Here-nick-here it's just training

All this talk of speed of return is making me insane.


----------



## Alaska7133

K9-Design said:


> Here-nick-here it's just training
> 
> All this talk of speed of return is making me insane.


I was told to not nick when they have a bird in their mouth so they don't have a negative association with retrieving. Not sure if they meant in the early stages of retriever training only. So I've been hesitant to nick.


----------



## Claudia M

I would never nick on a return with a bird in the mouth unless they go to the next bush and stop for "lunch".


----------



## hollyk

I don't care if bird is in mouth, your playing chase at the end of a training day or something smells good. HERE means HERE, my voice or whistle. 
Nick, here, nick. This is also true for Sit.


----------



## TrailDogs

Alaska7133 said:


> I was told to not nick when they have a bird in their mouth so they don't have a negative association with retrieving. Not sure if they meant in the early stages of retriever training only. So I've been hesitant to nick.


If she is collar conditioned to 'here', I would not hesitate to correct her for this behavior. It is a breakdown of the recall, which is part of the retrieve. If she drops the bird then she loses the reward of having the bird. She has to come straight back. 
A trained dog will learn the sequence of behaviors and you should not even need a whistle for the return. She will eventually learn to go out, pick up the bird, and immediately come back with no additional commands. It is all part of a trained retrieve. 

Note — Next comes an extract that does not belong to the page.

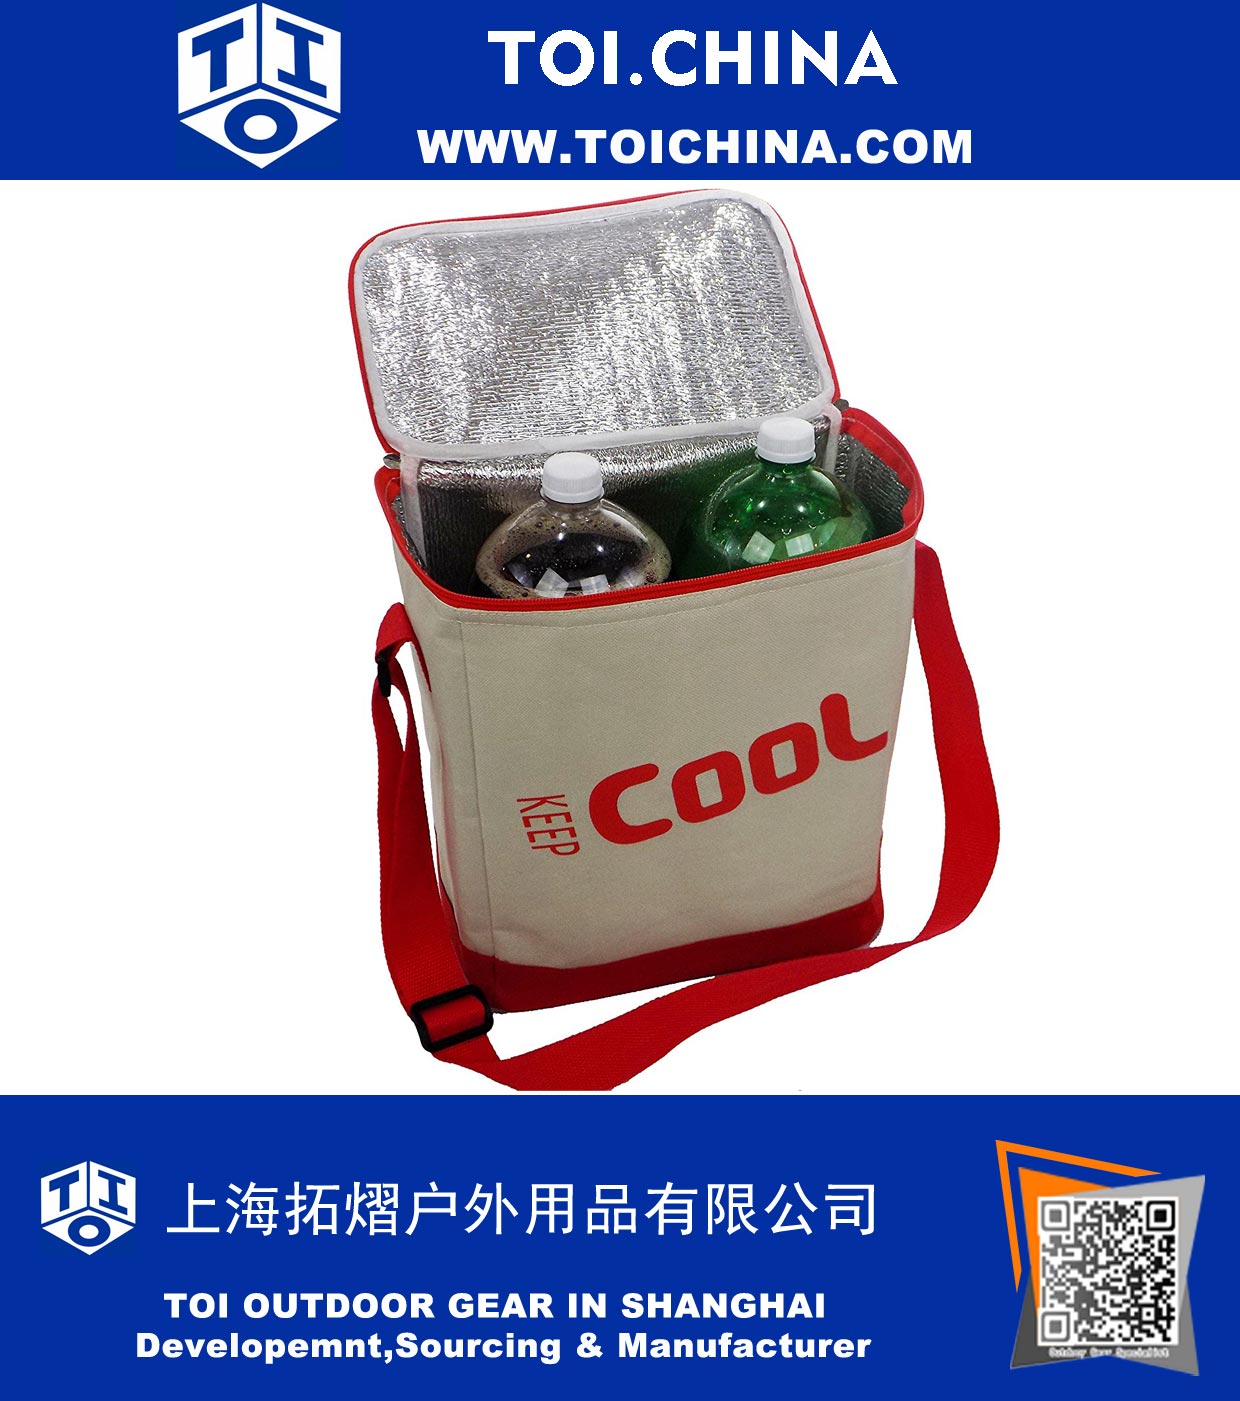 Soft Cooler Bag with Aluminum Thermal Liner and Adjustable Shoulder Strap, Red and White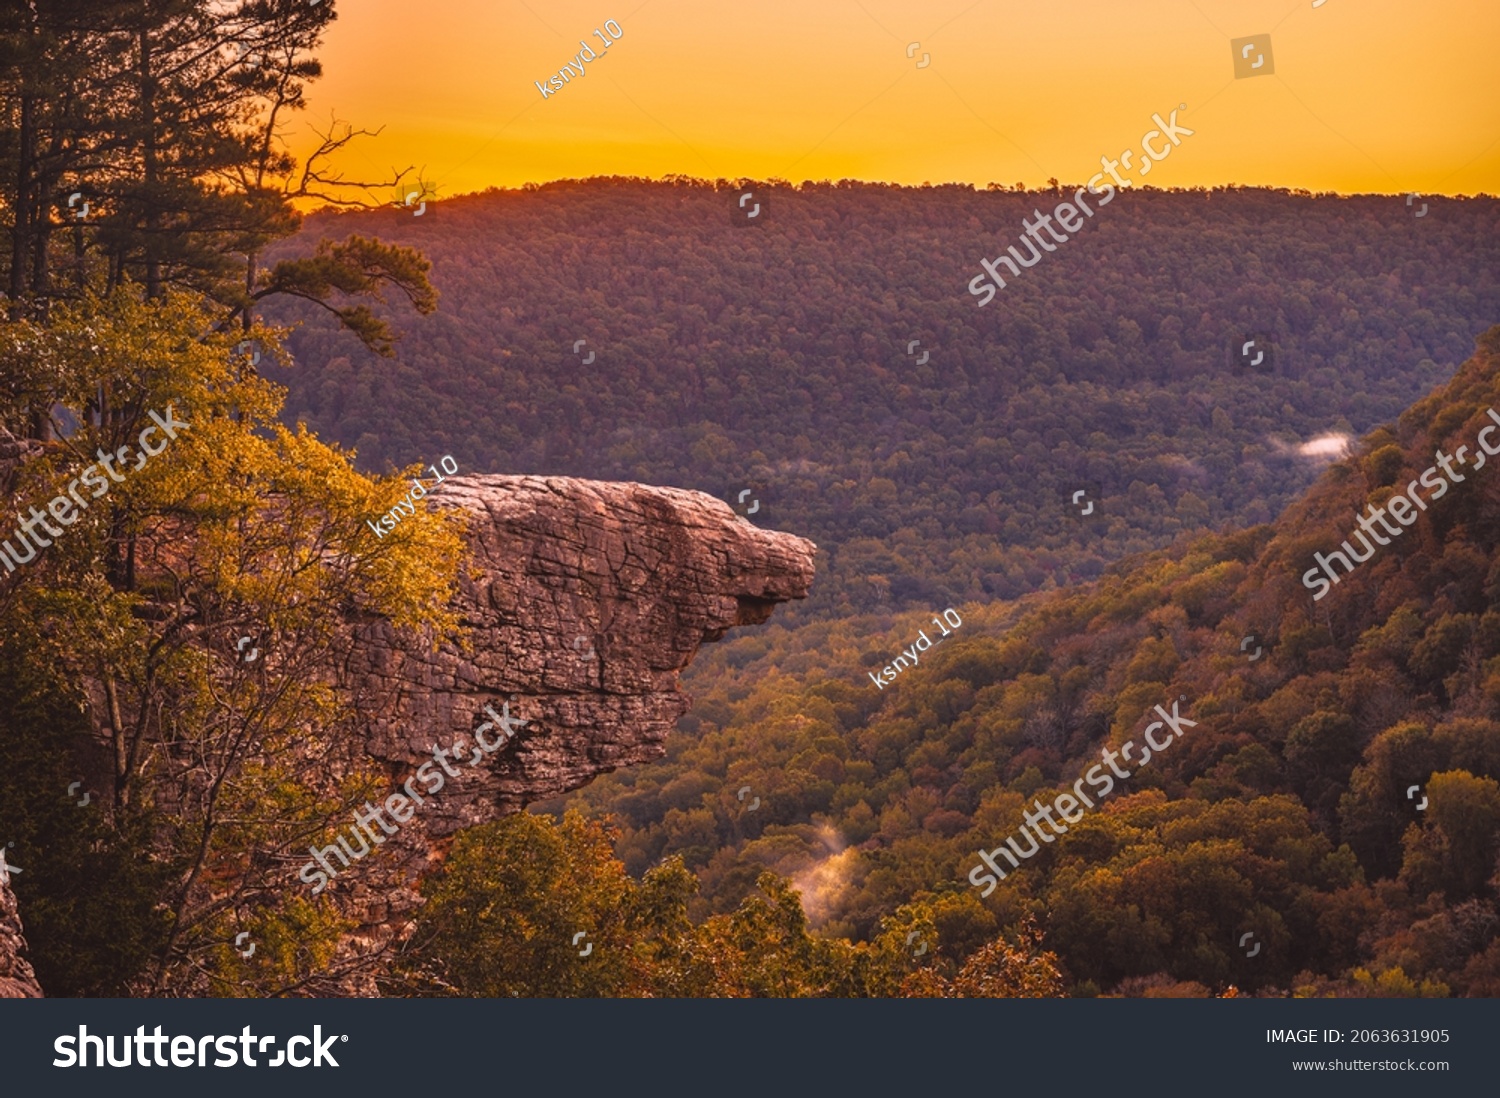 Sunrise at Whitaker Point, known as Hawksbill Crag, during the fall color change of the leaves. Hawksbill is a popular tourist site in the state of Arkansas. #2063631905

Showboating with the bird is one of those behaviors I would discourage early on. It is not unusual with Goldens, mine did it as a young dog. If you are uncomfortable with the collar for this behavior then you need to go out into the field and get her, run her with a long line so you can grab the line and bring her right back to you.


----------



## K9-Design

Right. A well collar conditioned dog will absolutely understand a collar correction even with a bird in his mouth. You are right -- probably not the best thing to do with an inexperienced dog but it absolutely is a viable option in many circumstances. 
If you have taken your dog through pile work with collar corrections my guess is they've received a correction with a bumper in their mouth.


----------



## hotel4dogs

This is splitting hairs, but I would do 
here- nick - here
not 
nick- here - nick
if there's a bird in the mouth. I think it's then apparent that the nick is for the violation of the here command.
JMO


----------



## hotel4dogs

If there was a bird present anywhere, and I threw a frisbee, Tito would tell me to go pick up the dam frisbee myself, hand over the bird...:doh:



Claudia M said:


> I am not big in corrections (which are necessary) as much as in encouragement.
> Darcy has that both go and come (except when she comes she does not necessarily come back to the handler :doh. She is proud of her duck and wants to show it to everyone!
> I have been practicing with a duck every morning now on just short hand thrown retrieves. Slowly increasing both the go to as well as the come back distance. So far that seems to work as far as the enthusiasm coming back.
> 
> Each time it is followed by their preferred frisbee game. Which in a way it is play and in another it is teach. Delivery to heel/hand(which Darcy desperately needs), distance sits and downs, walk in a heel if you want me to throw the frisbee.
> 
> I have seen how Rose runs freely all over the hard terrain at the cabin. She doesn't hike, she runs in the front, to the side and coming back the entire time. Darcy not so much unless she is given a job. Her muscles have not been formed/conditioned from young.


----------



## hotel4dogs

Just thinking out loud here...do you suppose it's especially common in Goldens who have had people play with them with toys? We do that with all my Goldens, whenever we come in they greet us with a toy, and we make a big fuss ("what do you HAVE? Is that your puppy? Is that a shoe? show me what you have!!" and so on) and it's a happy play time. 
I've never had a problem with Tito taking the bird to someone else, but he is certainly very proud of himself when he has it!



TrailDogs said:


> Showboating with the bird is one of those behaviors I would discourage early on. It is not unusual with Goldens, mine did it as a young dog. If you are uncomfortable with the collar for this behavior then you need to go out into the field and get her, run her with a long line so you can grab the line and bring her right back to you.


----------



## TrailDogs

hotel4dogs said:


> Just thinking out loud here...do you suppose it's especially common in Goldens who have had people play with them with toys? We do that with all my Goldens, whenever we come in they greet us with a toy, and we make a big fuss ("what do you HAVE? Is that your puppy? Is that a shoe? show me what you have!!" and so on) and it's a happy play time.
> I've never had a problem with Tito taking the bird to someone else, but he is certainly very proud of himself when he has it!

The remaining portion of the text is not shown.